Recorded data:
== Segment start ==

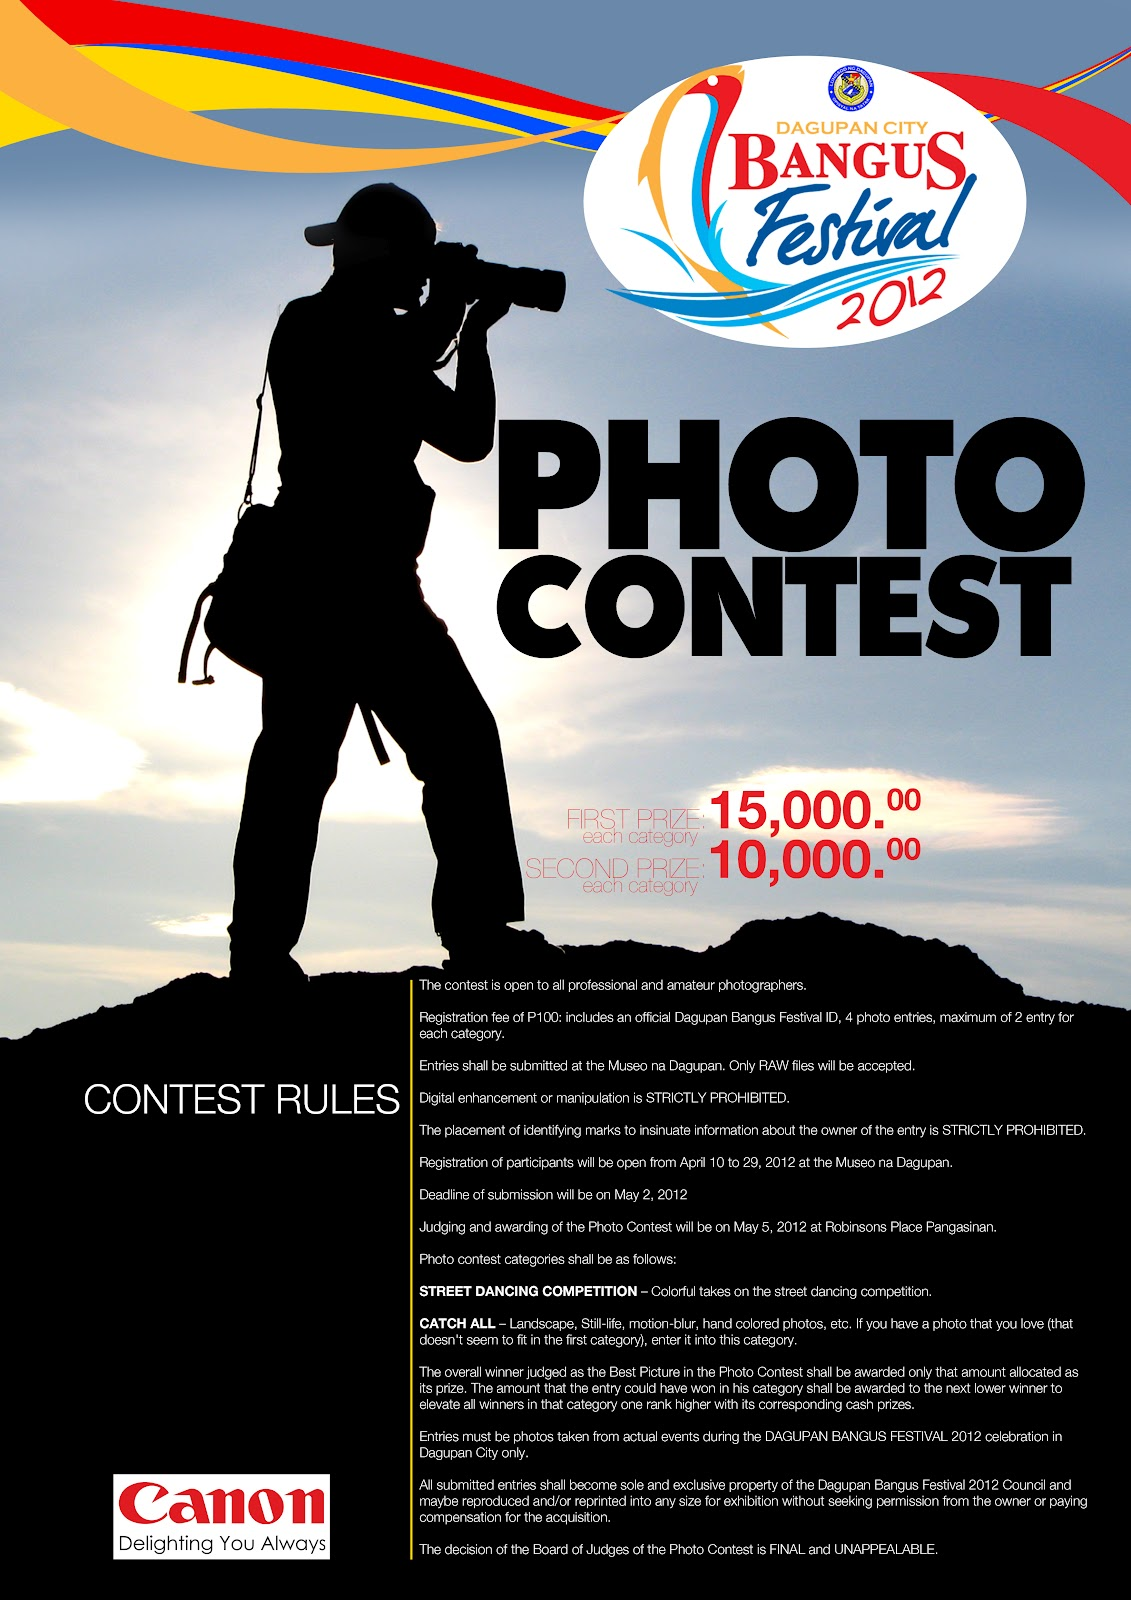 facebook photo contest rules template - what 39 s up dagupan bangus festival 2012 photo contest
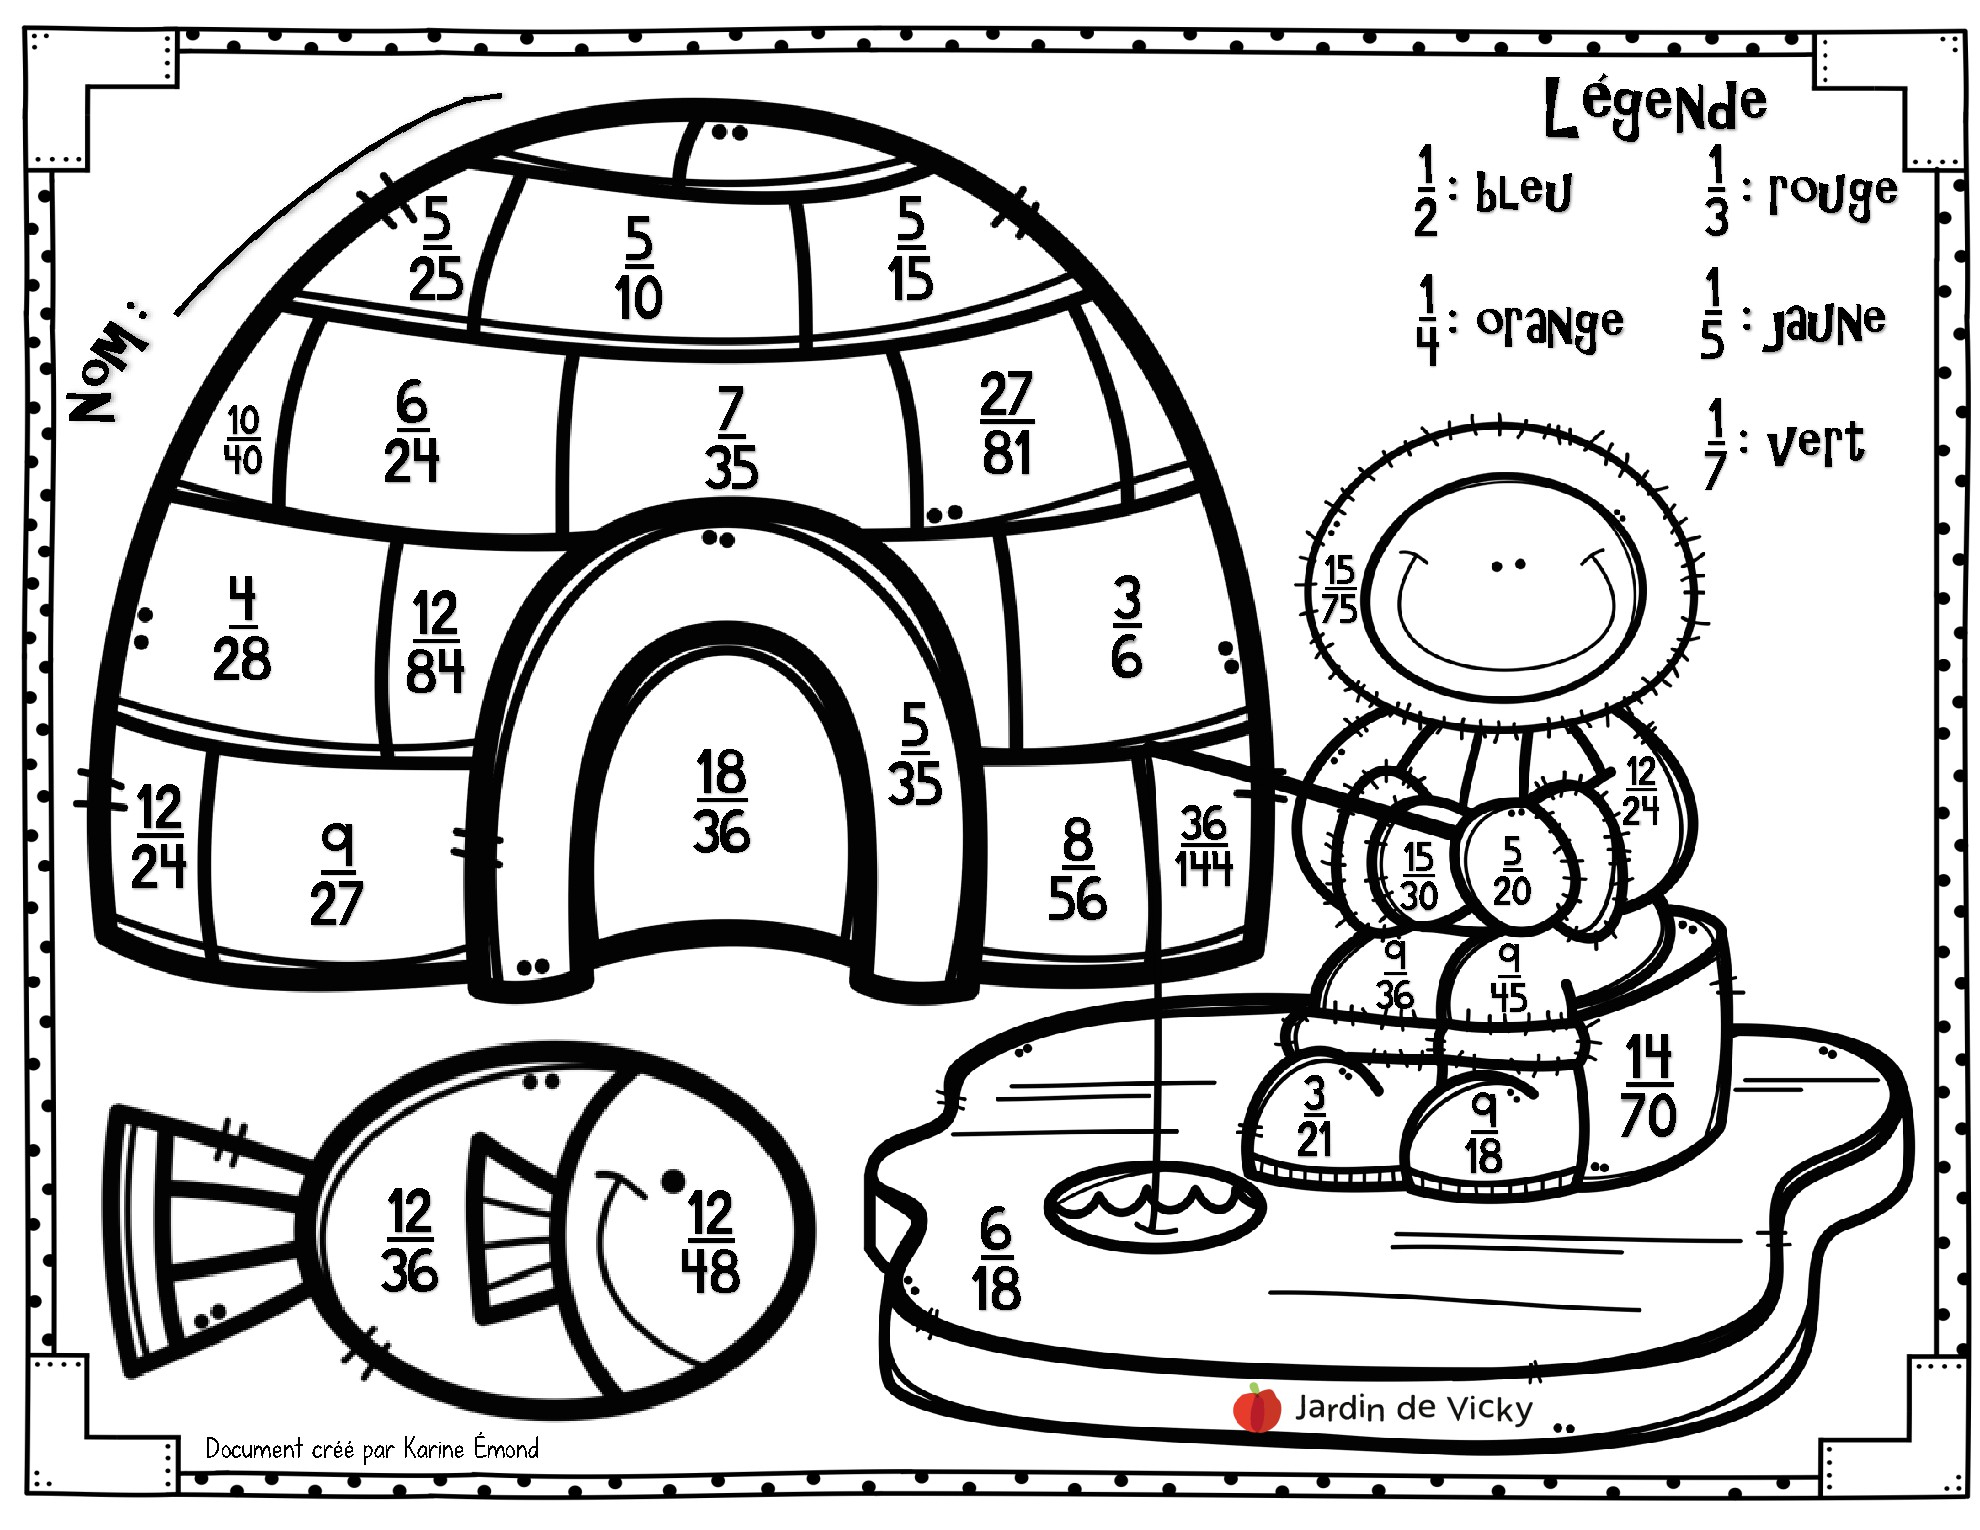 L'igloo Des Fractions Irréductibles | Jardin De Vicky tout Coloriage Igloo
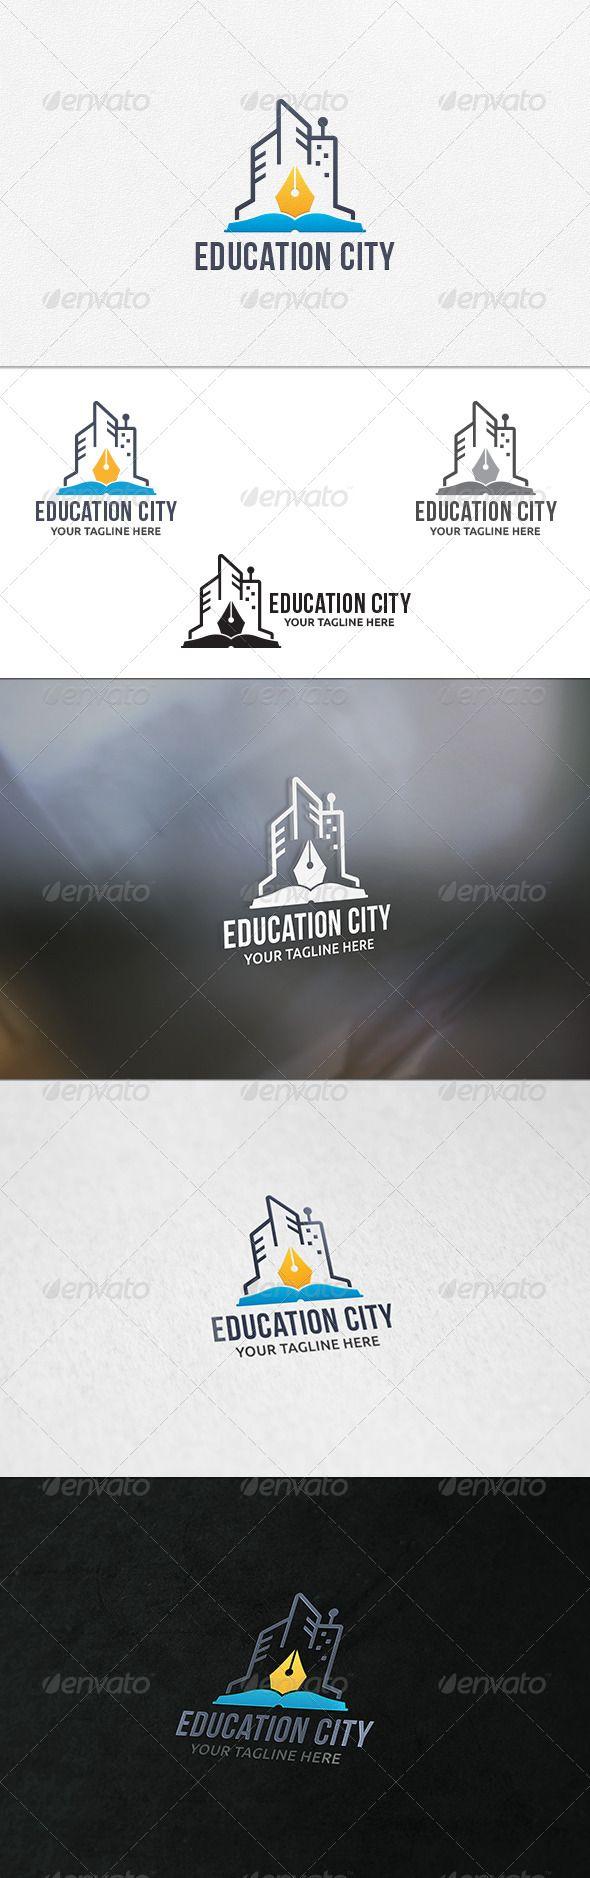 Education City  Logo Template — Vector EPS #city logo #city blogger • Available here → https://graphicriver.net/item/education-city-logo-template/7285598?ref=pxcr
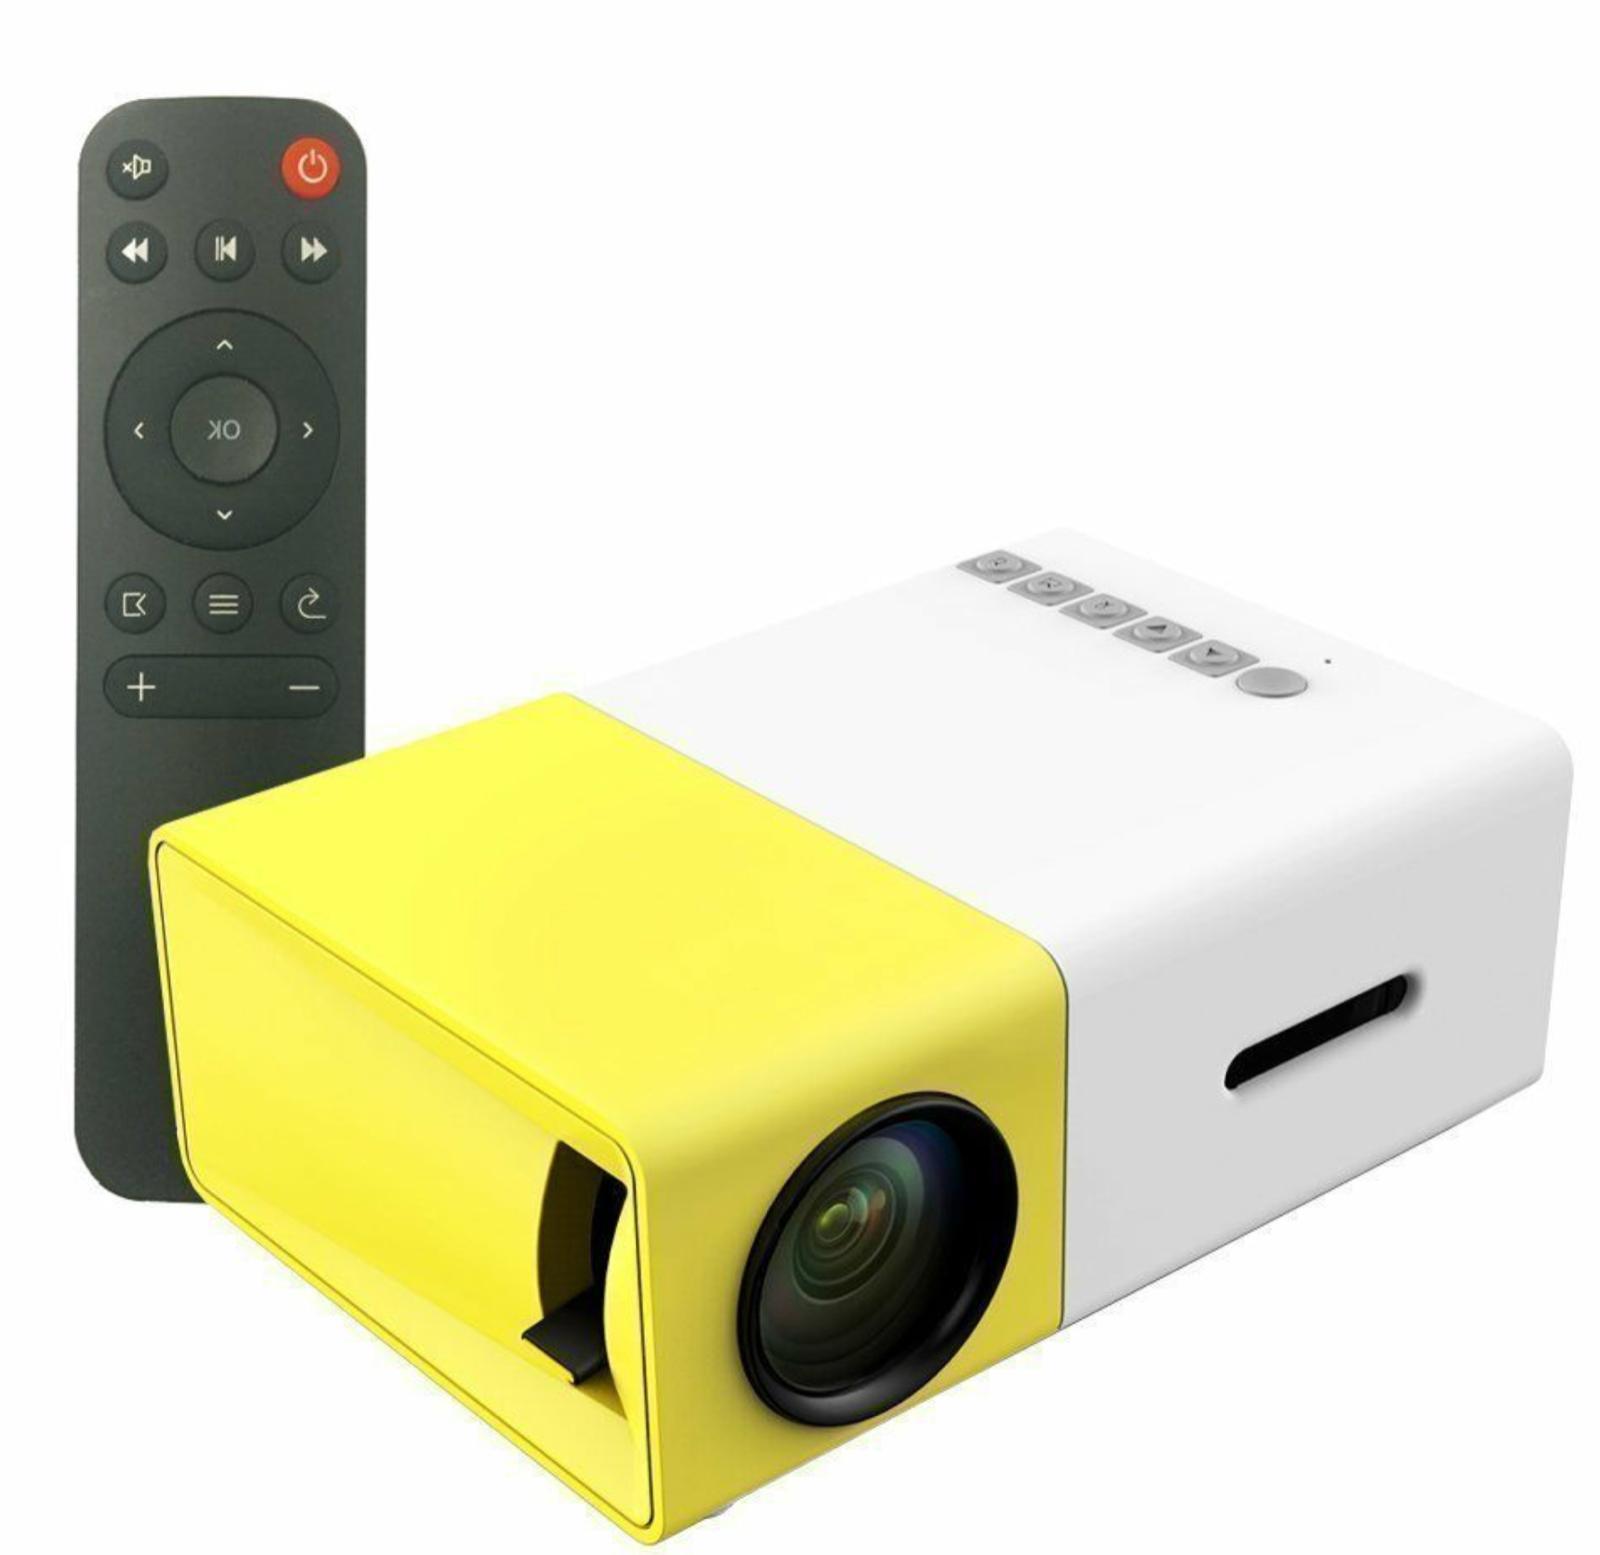 1080P Home USB HDMI YG300 SD LED

== Segment end ==

Brief: Could you copy exactly, and with no pictures, the lines above from the one containing "Logo Template —" through the last line, both included?

Output:
 Education City  Logo Template — Vector EPS #city logo #city blogger • Available here → https://graphicriver.net/item/education-city-logo-template/7285598?ref=pxcr
 1080P Home USB HDMI YG300 SD LED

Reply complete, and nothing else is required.